Another issue for me, if I were in your situation would be wanting to put the past behind me, so getting all the financial obligations over to your partner's ex would be very appealing to me
On the other hand, as someone who is recently seperated I would be very wary of selling my house to pay of his mortgage, I'd want a bit of independent financial securityLindsayO
Goal: mortgage free asap
15/10/2007: Mortgage: £110k Term: 17 years
18/08/2008: Mortgage: £107k Mortgage - Offset savings: £105k
02/01/2009: Mortgage: £105k Mortgage - Offset savings: £99k0 -
BANNERSMUM, the short version is that you're planning to lose quite a bit of money.BANNERSMUM wrote: »His mortgage is £80,000 on a house worth @ £140,000- he pays £900/month over 10 yrs (just agreed this last week). Mine is £55,000 on a house worth @ £120,000 in an offset £15,000 off set -term is now showing as 9 yrs left-costs £600 a month as i overpay £100 a month. Our dilemmma is that we have just finished doing up my little house and were intending to rent it out for £400/mth and keep this as a future investment. However from looking at the MSE site it appears that if I sold my house
Has either of you or the pair of you as a couple made a principal private residence election with HMRC? Also see PPR and couples. It's vital that you do this before you sell and ideally before you move in together or you'll pay a lot of unnecessary capital gains tax on the sale.
Once you become a couple (move in together) you have only one PPR, not one each. So you can lose the PPR freedom from CGT. So talk to an accountant or tax specialist first.
Do this regardless of whether you keep one or both places or sell. It's the easy way to save a lot of tax.BANNERSMUM wrote: »and used the money from it plus my savings we could pay off my partners £80,000 morgage and have no mortgages at all. We worked out if we sold mine and paid off both mortgages + saved both our mortgage fees (£1500)every month in isa's this would save more than the cost of both mortgages would be over time...is this correct or are we missing something as everyone I know says I am mad to get rid of my house as it is an asset?? Any advice out there?
You're mad to do this unless you're desperate to be rid of the mortgages.
You have mortgage value of 120,000 (after subtracting your offset) and payments of 1500 a month including your overpayment. I'll call that 1400 to roughly align both mortgages and treat them both as ending in ten years so the calculations can all be for ten years.
Option one is to sell your place and pay off the 80,000 mortgage of his then invest 1400 a month for ten years.
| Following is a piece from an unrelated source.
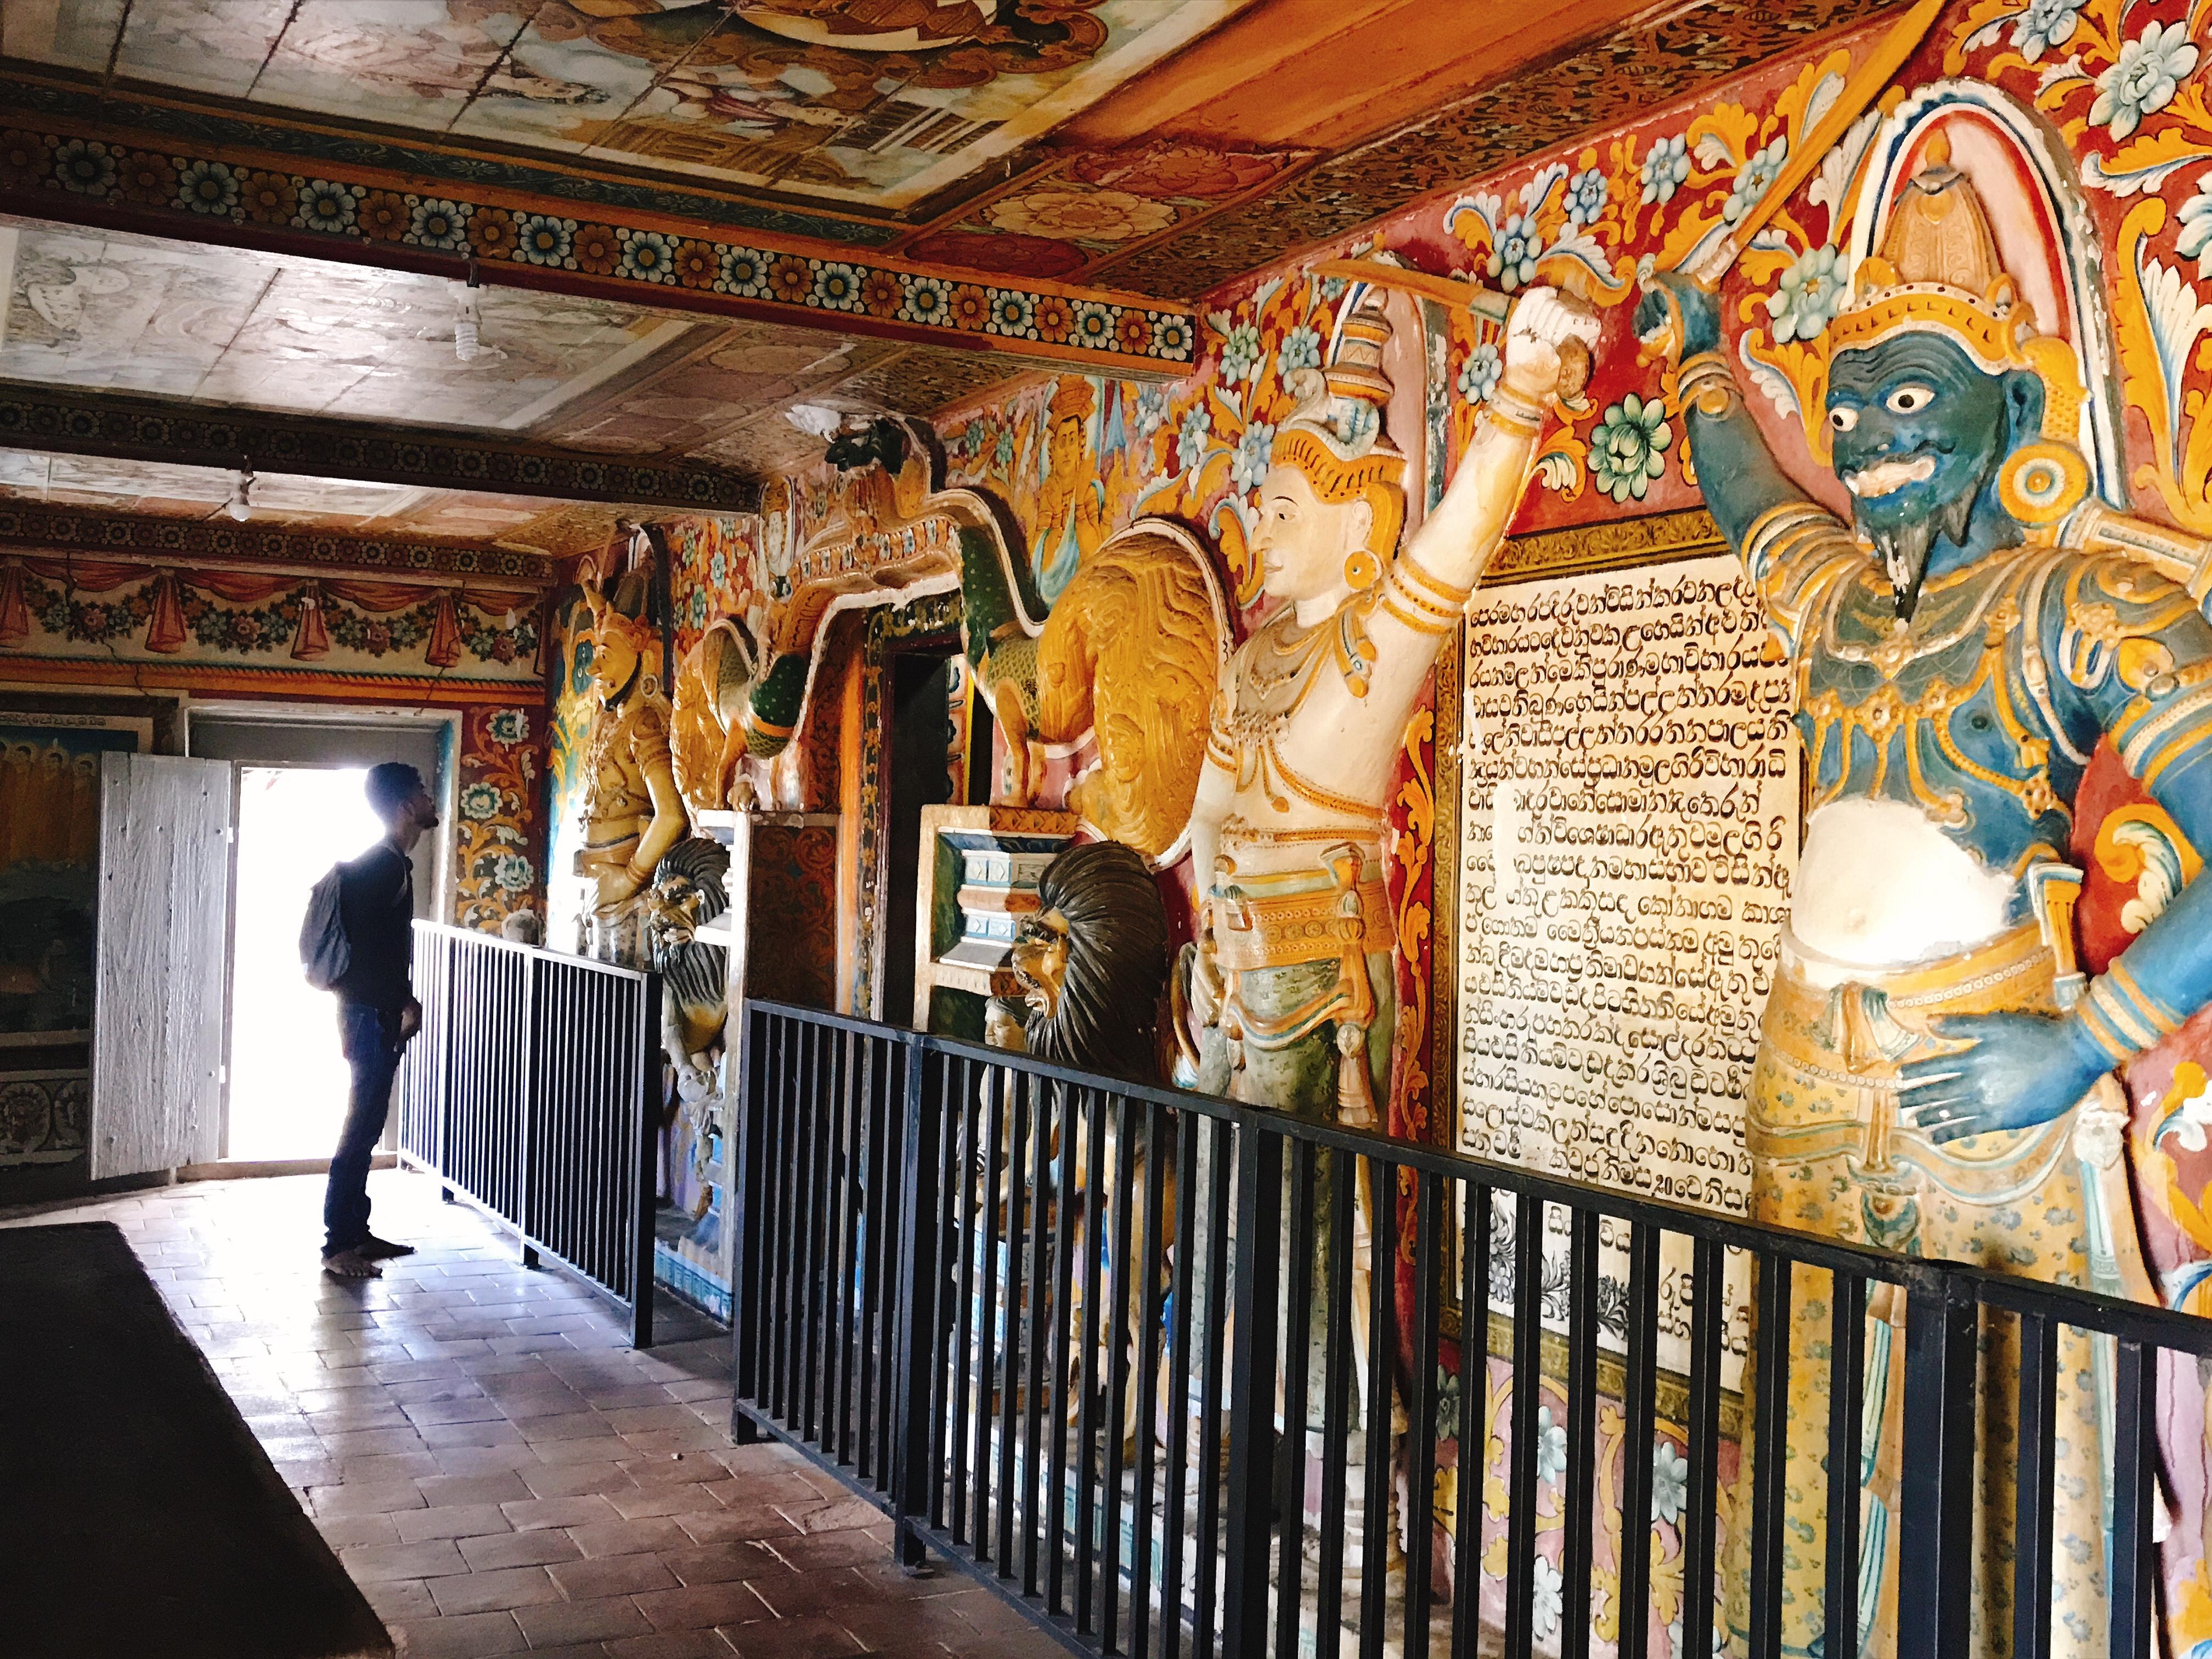 Sri Lanka Jasmine Tours & Drivers スリランカジャスミンツアーズ撮影。 マルキリガラ寺院 マルキリガラ遺跡 ムルキリガラ の洞窟 石窟入口

I'll assume 9% growth tax free and this ends up being worth 272,950 at the end of the ten years. Add 250,700 as the value of his place at the end of the ten years with 6% a year property price growth, less than the average rate. So this option has a value of 523,650.
Option two is to sell your place and not pay off the mortgage. You have the 80,000 to invest at the start plus your minimum 500 a month mortgage payment. This is worth 293,590. You also get the 250,700 value of his place so the total value of this option is 544,290.
Option three is to keep both places and do a full rental setup. That means increasing the mortgage on his place to 119,000 which is 85% of the value his place. That pays off 46,000 of the 55,000 mortgage on yours leaving 15,000 outstanding. With buy to let property the interest on 100% of the value of the BTL property at the time it became a letting property is deductible from income, regardless of which property the mortgage is on. So up to 120,000 is eligible, the full value of your place. Normal homeowner mortgages are cheaper than BTL mortgages so doing it with his mortgage probably beats changing yours to BTL to let it out. So now the interest rate on that 119k of mortgage is effectively zero and I'll assume 6.5% on the remaining 15,000 of mortgage. That's 975 a year or 81.25 a month.
For simplicity I'll assume interest only mortgages, also that's the best type to use for BTL because it keeps that interest tax benefit. That means deducting the 119k and 15k = 138k from the final answer I calculate next because that money has to be paid off to match the first two cases.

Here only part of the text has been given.